(Data records begins)
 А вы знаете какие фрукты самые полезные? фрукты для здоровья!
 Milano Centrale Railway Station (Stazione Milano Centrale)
(Data records ends)
(Data records begins)
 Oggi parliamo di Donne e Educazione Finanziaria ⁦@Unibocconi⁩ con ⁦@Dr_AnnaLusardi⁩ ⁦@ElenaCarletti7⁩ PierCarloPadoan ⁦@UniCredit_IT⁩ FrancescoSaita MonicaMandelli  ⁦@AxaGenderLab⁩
(Data records ends)
(Data records begins)
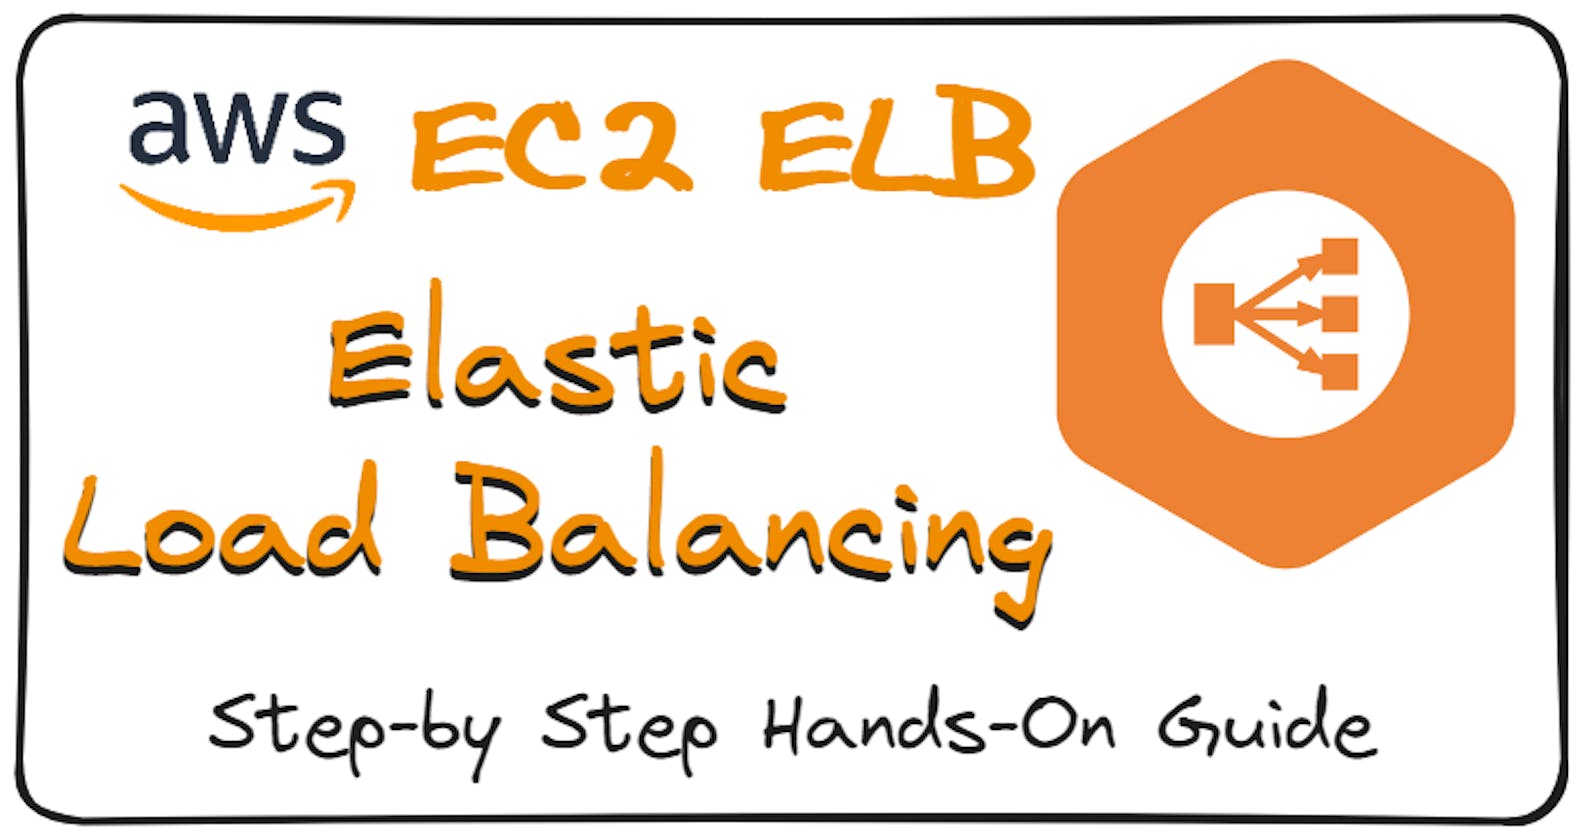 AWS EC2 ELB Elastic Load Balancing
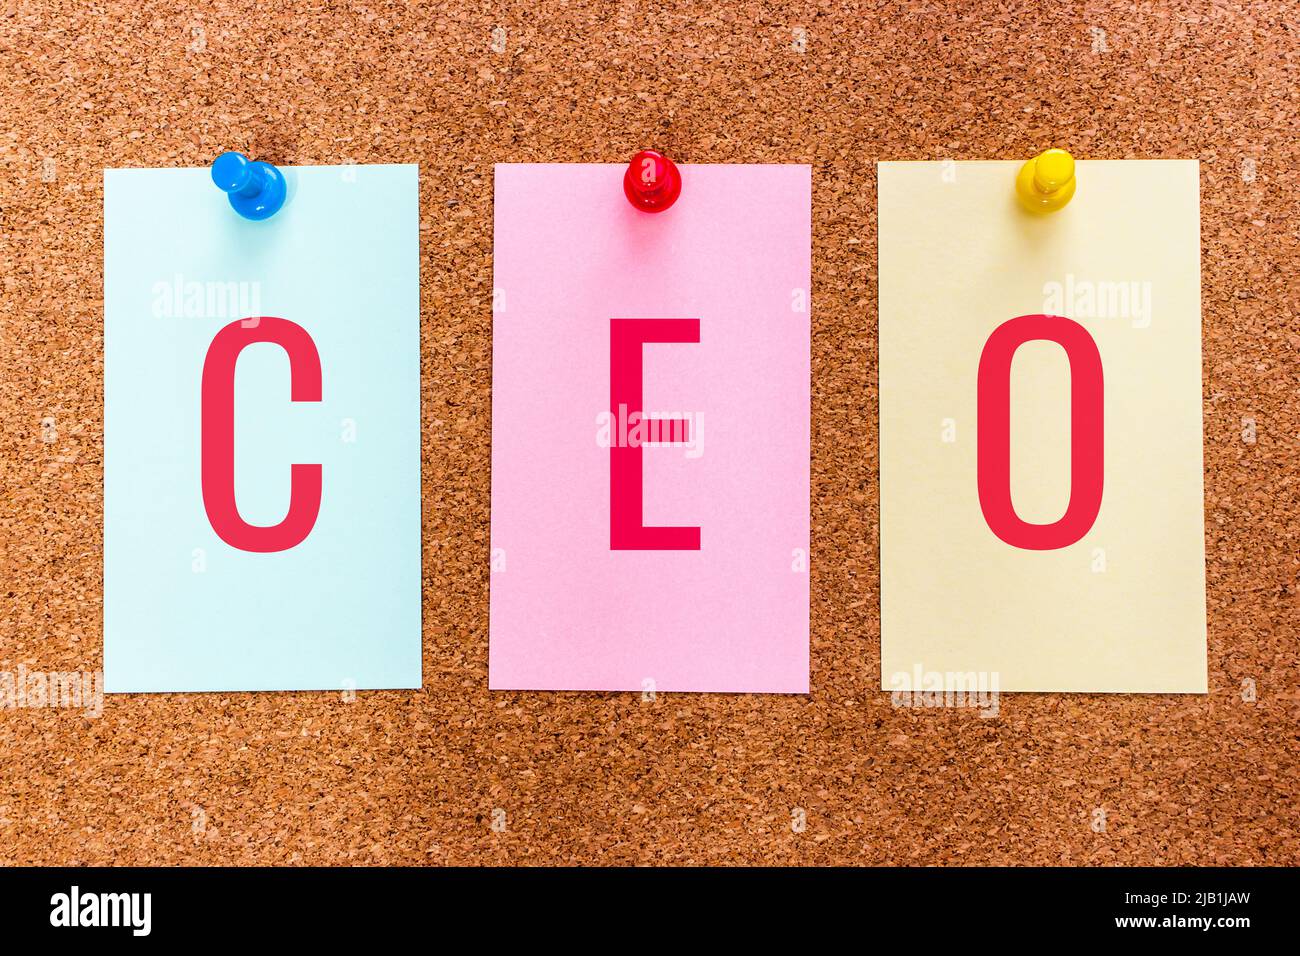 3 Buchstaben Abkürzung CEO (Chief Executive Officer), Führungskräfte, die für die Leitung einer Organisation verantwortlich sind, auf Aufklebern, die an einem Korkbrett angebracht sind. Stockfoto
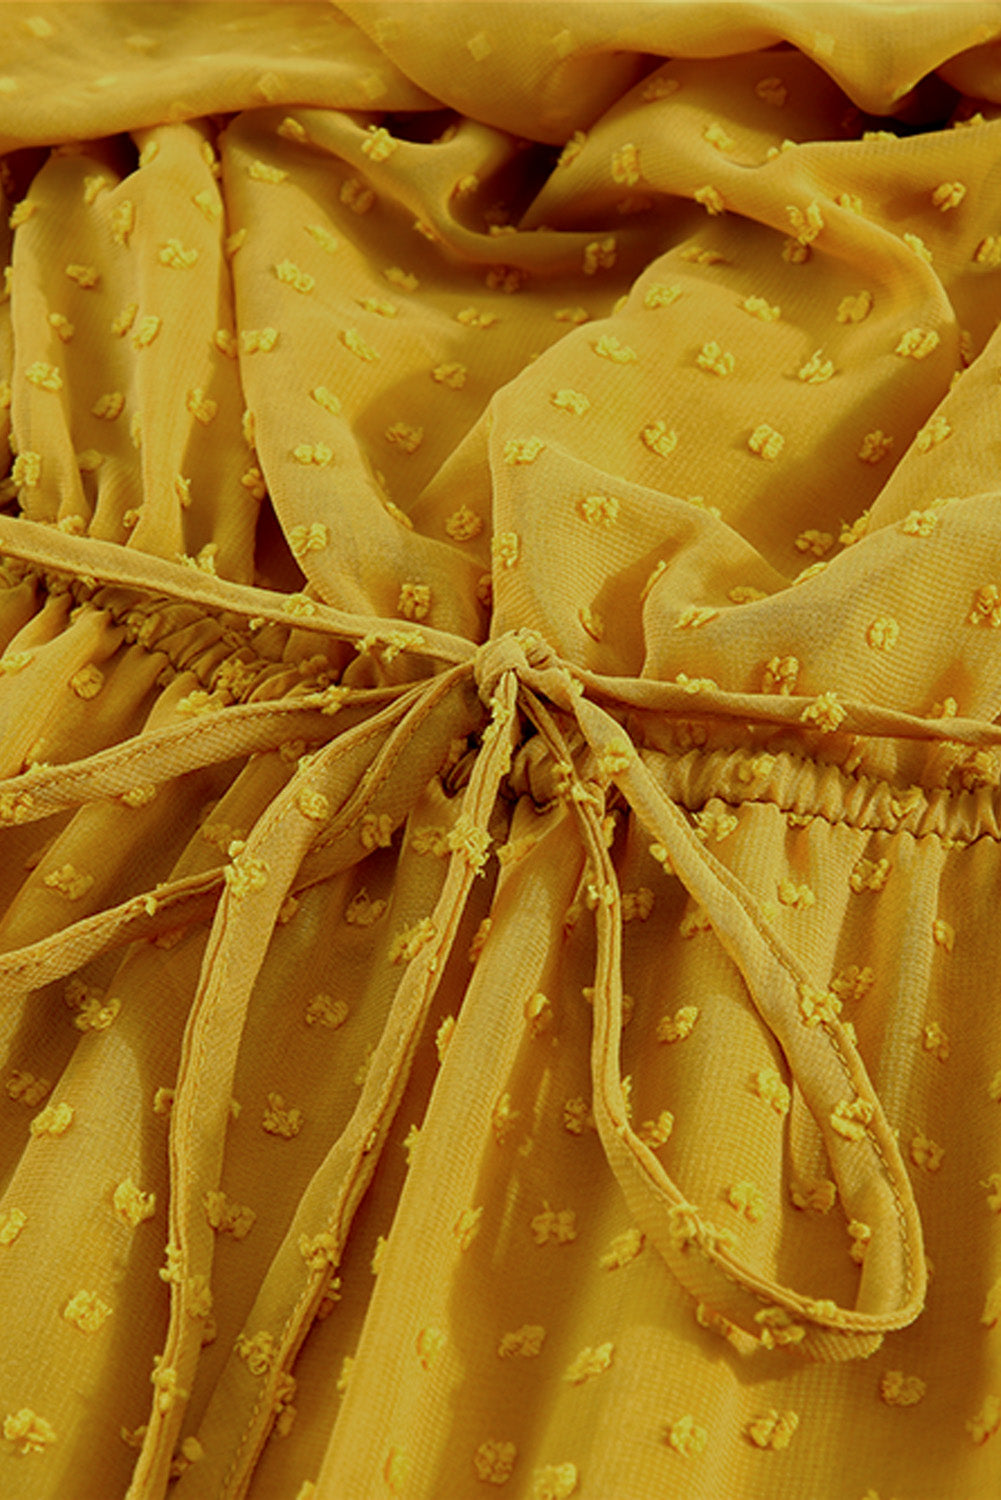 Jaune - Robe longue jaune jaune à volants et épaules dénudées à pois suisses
(Data records ends)
Find the line with "AWS EC2 ELB Elastic Load Balancing" in the data above, and from there retype each line exactly through the line with "Jaune - Robe", skipping the pictures along the way.

**Written answer**
 AWS EC2 ELB Elastic Load Balancing
 3 Buchstaben Abkürzung CEO (Chief Executive Officer), Führungskräfte, die für die Leitung einer Organisation verantwortlich sind, auf Aufklebern, die an einem Korkbrett angebracht sind. Stockfoto
 Jaune - Robe longue jaune jaune à volants et épaules dénudées à pois suisses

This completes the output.